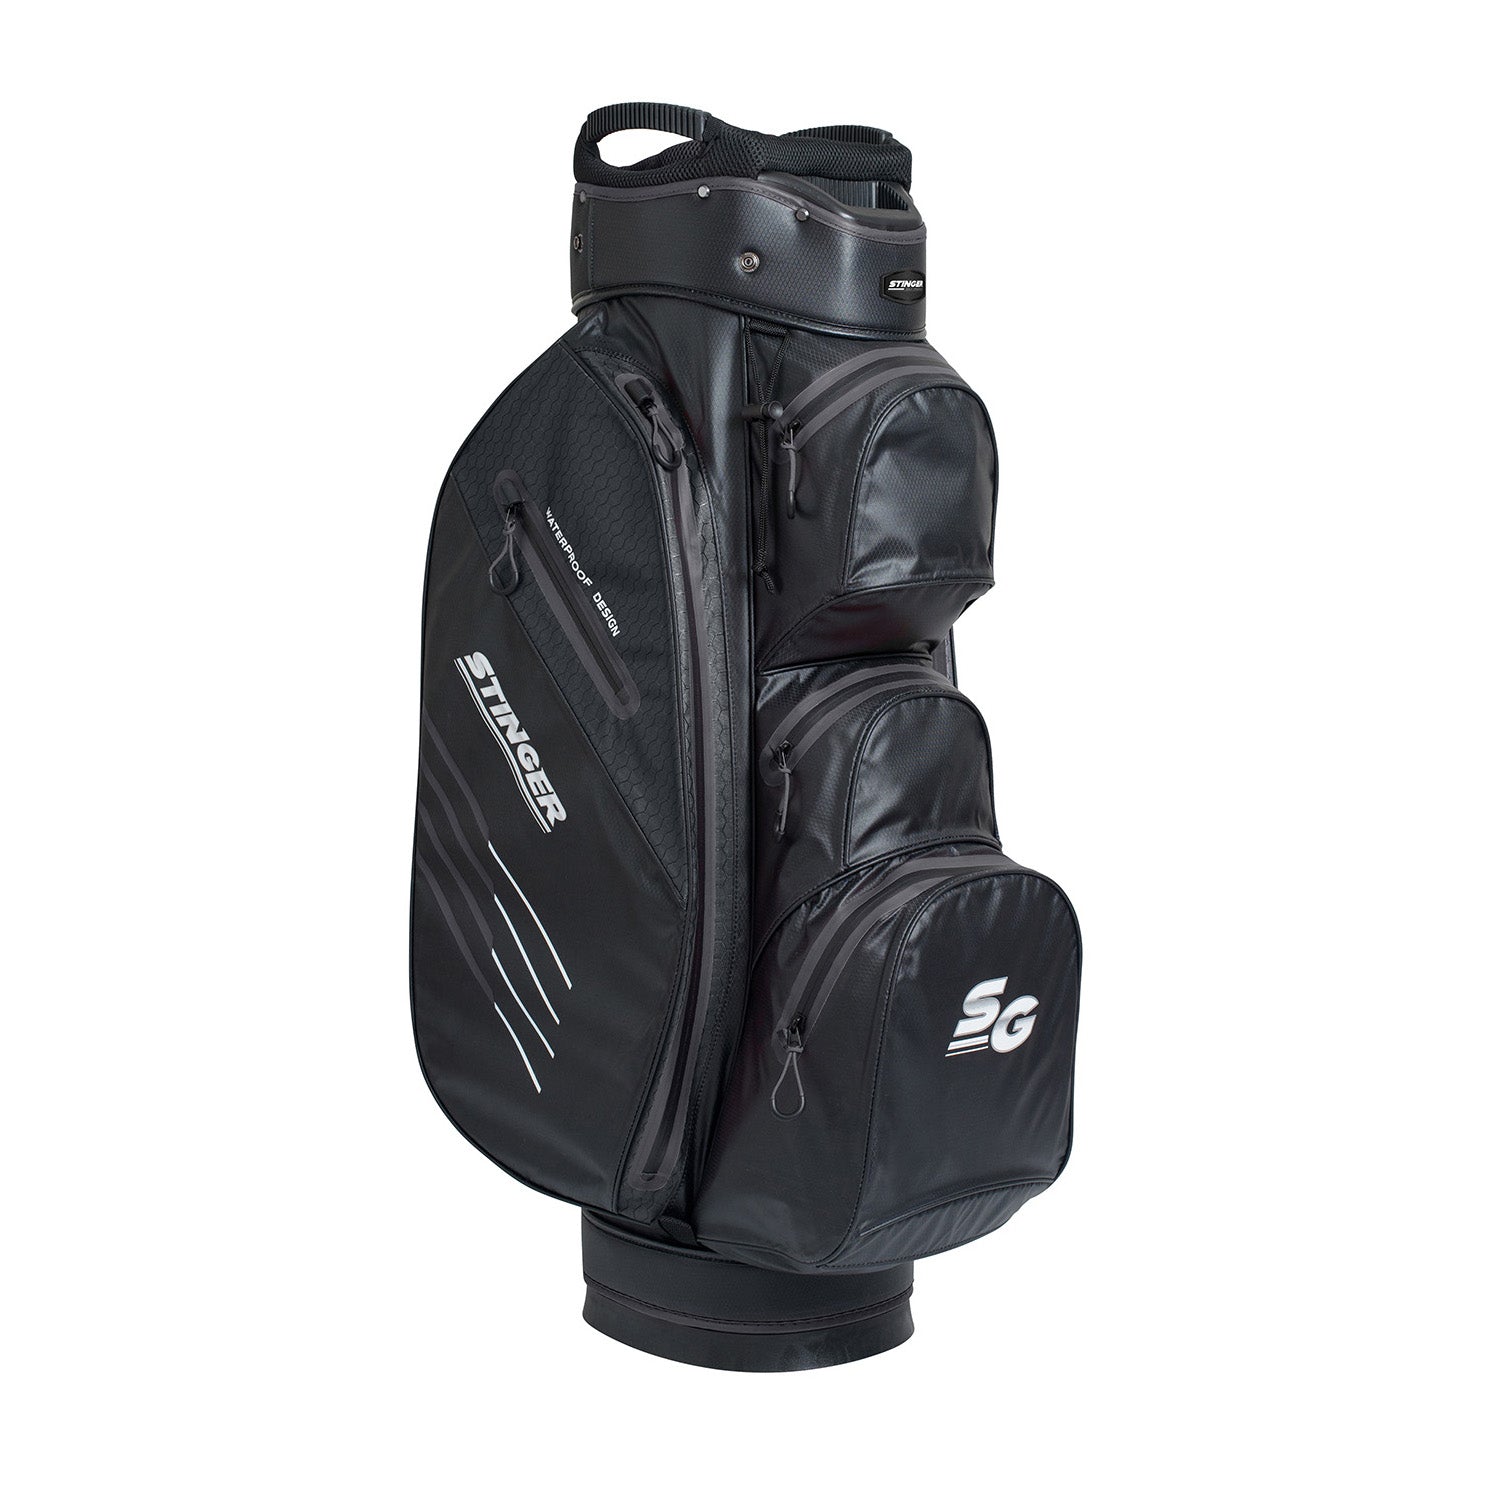 Stinger Waterproof Golf Bag - Black/Grey
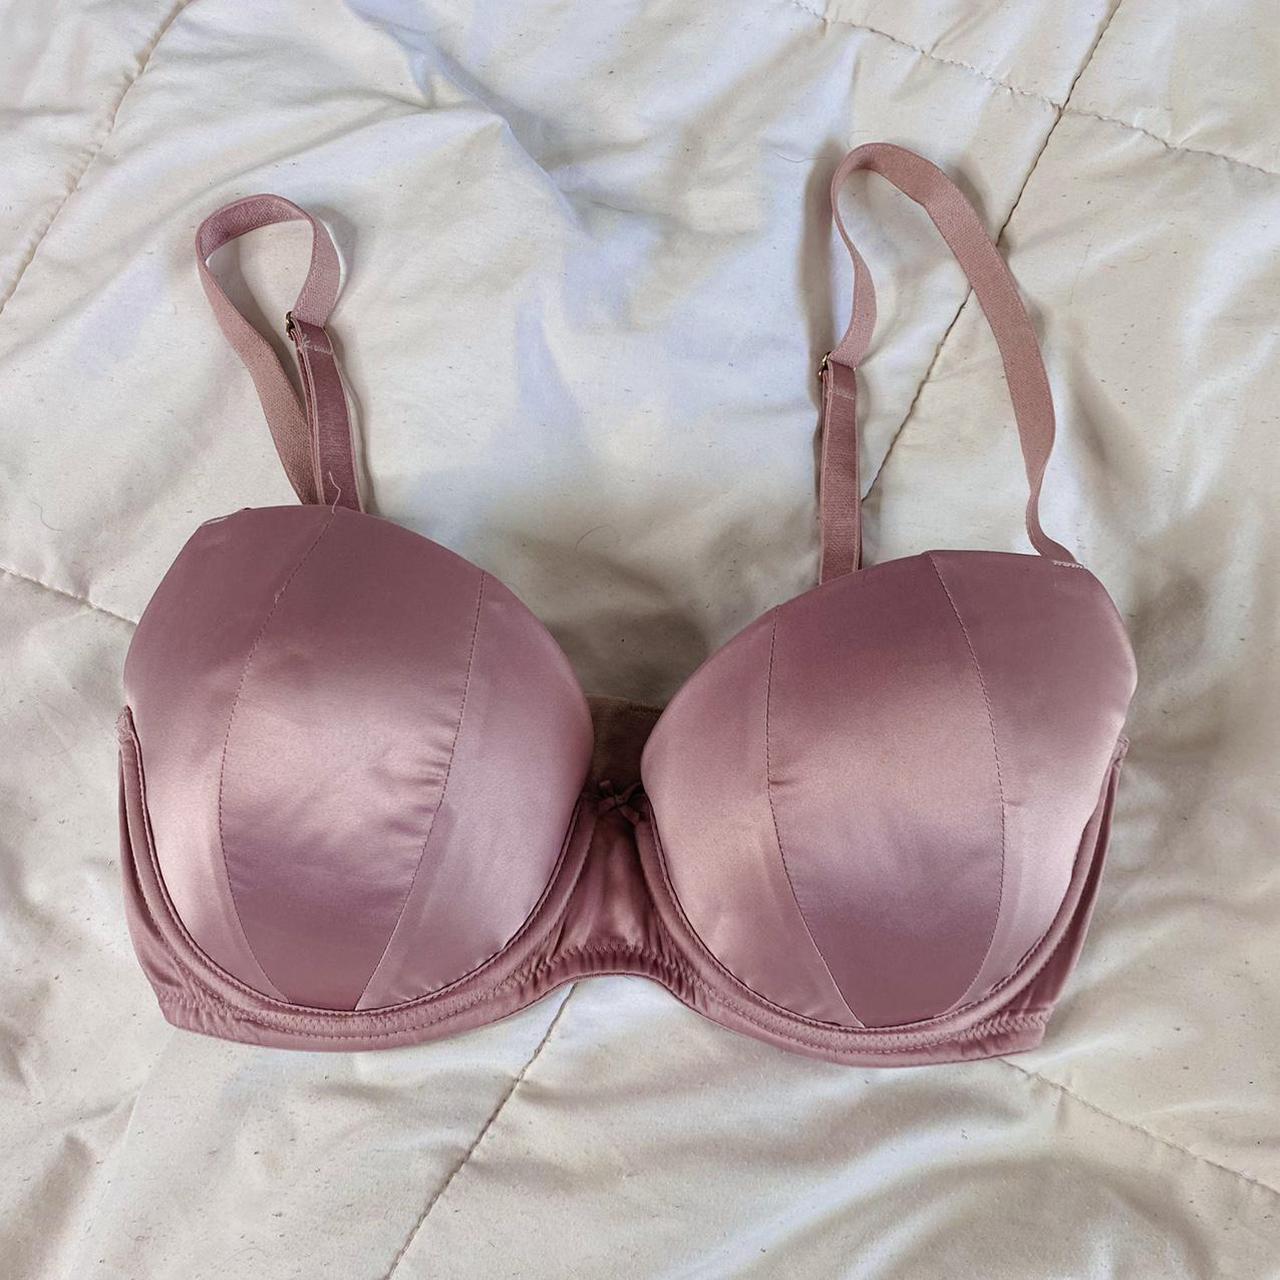 victoria’s secret dusty pink bra. 32DDD. lined.
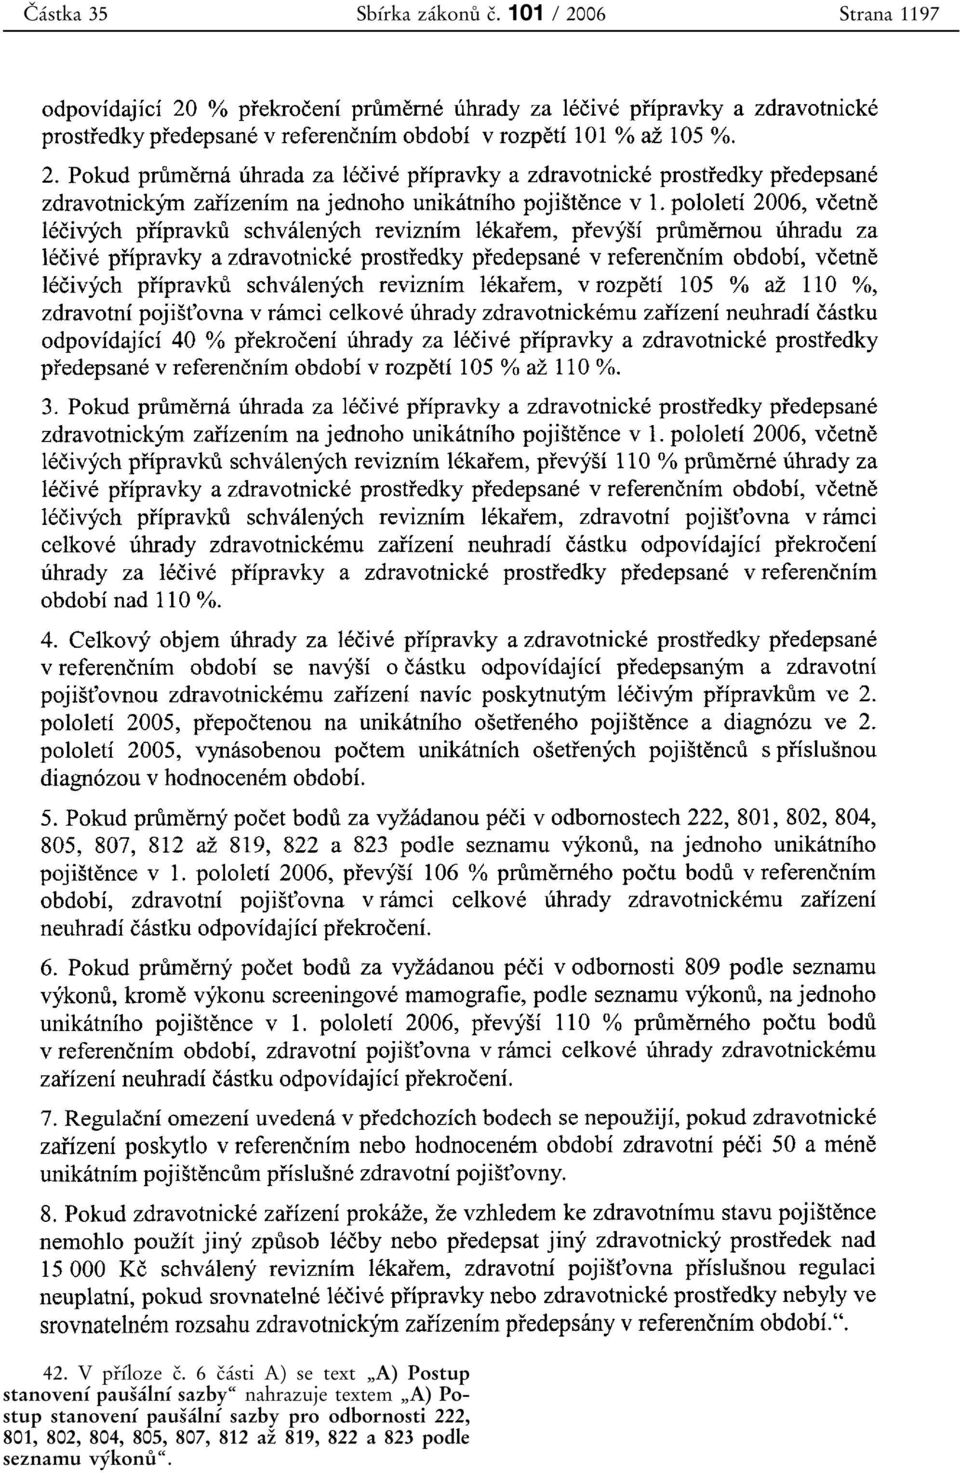 6 cοaβsti A) se text ΉA) Postup stanovenυβ pausοaβlnυβ sazbyͺ nahrazuje
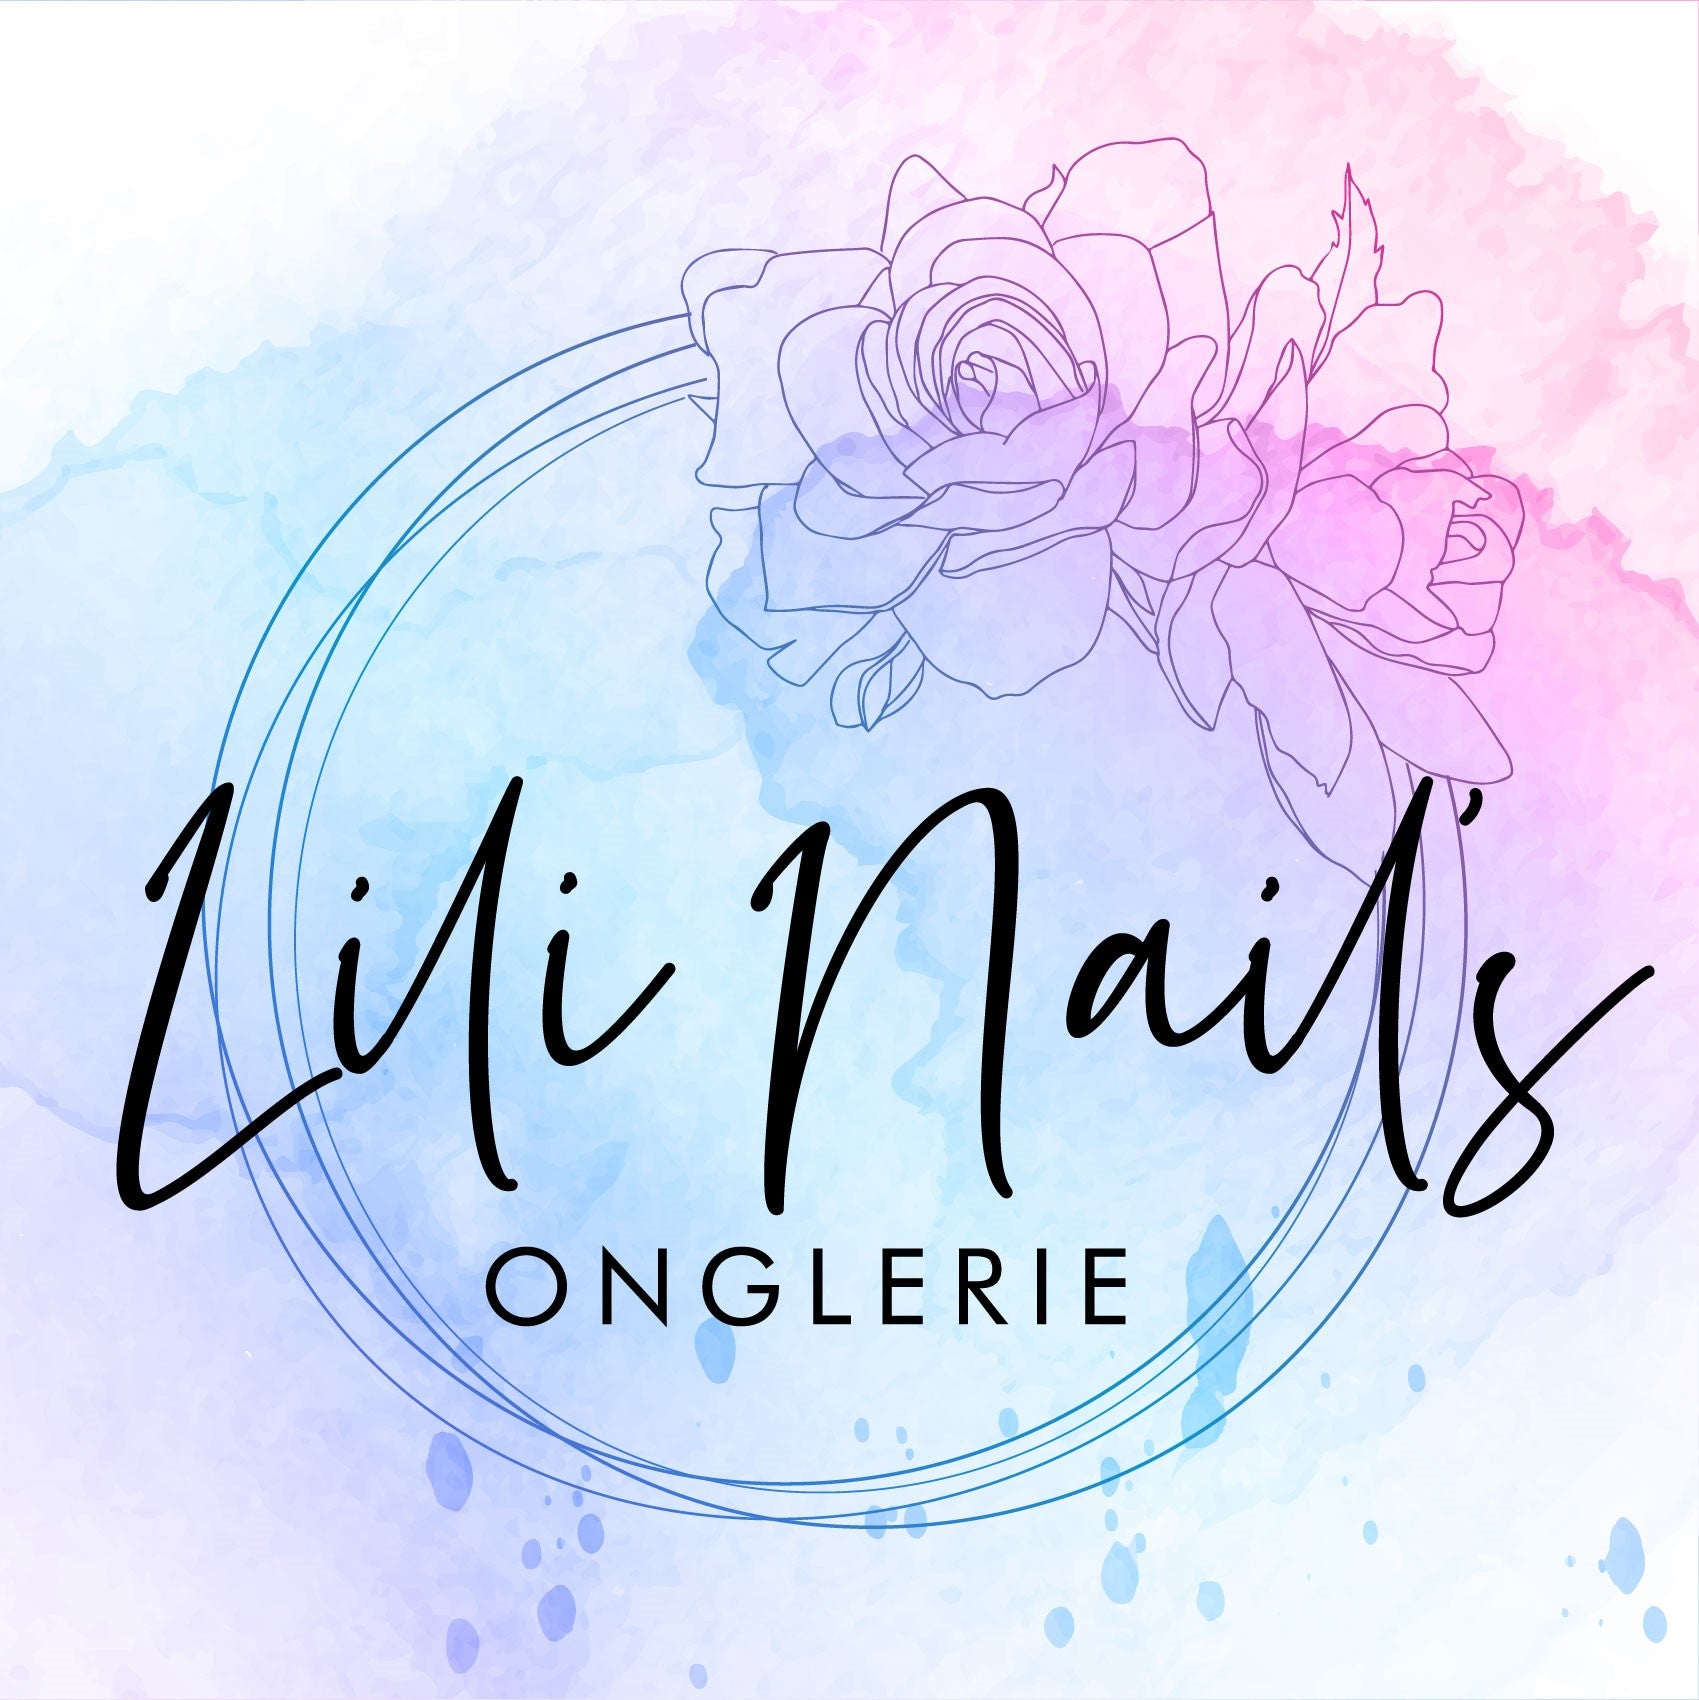 Lili Nail's Onglerie
::::
ASSIGNED TASK: Extract all the data above exactly, excluding every picture.

WRITTEN SOLUTION:
 Stinger Waterproof Golf Bag - Black/Grey
 victoria’s secret dusty pink bra. 32DDD. lined.
 6 cοaβsti A) se text ΉA) Postup stanovenυβ pausοaβlnυβ sazbyͺ nahrazuje
 Lili Nail's Onglerie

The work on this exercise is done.